Poor Performance Of LaSalle And Alaska UK Mall JV Prompts Soul Searching On Strategy
A big U.S. pension fund is examining whether to change its real estate investment strategy, a decision driven in part by its investment in two UK shopping centres that have seen values and income drop.
The minutes of a recent meeting of the $68B Alaska Permanent Fund Corp. investment board show that the fund’s $5.7B real estate portfolio has underperformed its benchmark. The fund wants to nearly double the amount it invests in the sector, but change how it goes about doing it.
The fund is overweight in retail, which makes up 46% of its assets, and underweight in top-performing sectors like industrial and multifamily, areas where it now wants to expand.

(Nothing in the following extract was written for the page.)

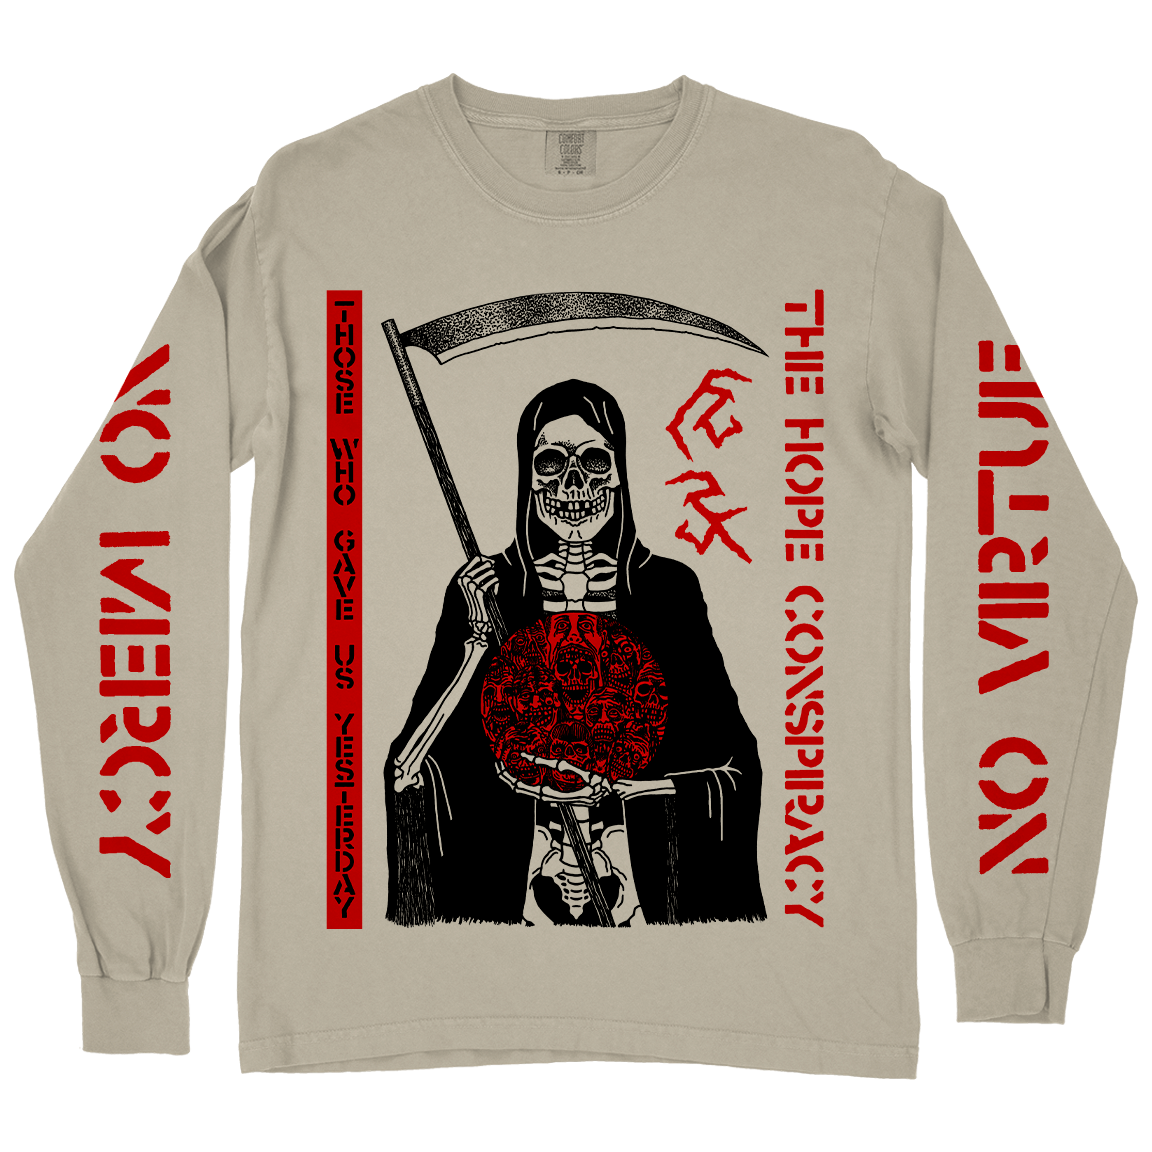 The Hope Conspiracy "Those Who Gave Us Yesterday" Sandstone Premium Longsleeve

Two retail deals in the UK have particularly underperformed, the pension fund said. In July 2014, it bought the 712K SF Golden Square shopping centre in Warrington in northwest England for £141M in a joint venture with LaSalle Investment Management. The price paid represented a yield of 6.75%. Earlier that year, LaSalle won the mandate to invest up to £250M in UK real estate for the Alaskan fund.
In October 2016 the joint venture paid £240M for an 85% stake in Intu Bromley, a 464K SF centre south of London, at a yield of 5.75%.
A report to the investment board by adviser RCLCO did not outline how far the value of its UK malls had dropped, but pointed out that since its first purchase, the value of the pound against the dollar has dropped about 29%, exacerbating the effects of the fall in value and income. RCLCO pointed out that the performance of these two investments had reduced the fund’s five-year return from 8.6% to 6.9%.
The Alaskan fund invests almost entirely directly, buying assets itself and through joint ventures, rather than investing in funds. Because it has a small number of staff compared to other pension funds that invest directly in real estate, it is looking to increase its investments in funds, and will also consider including REIT shares in its allocation to real estate.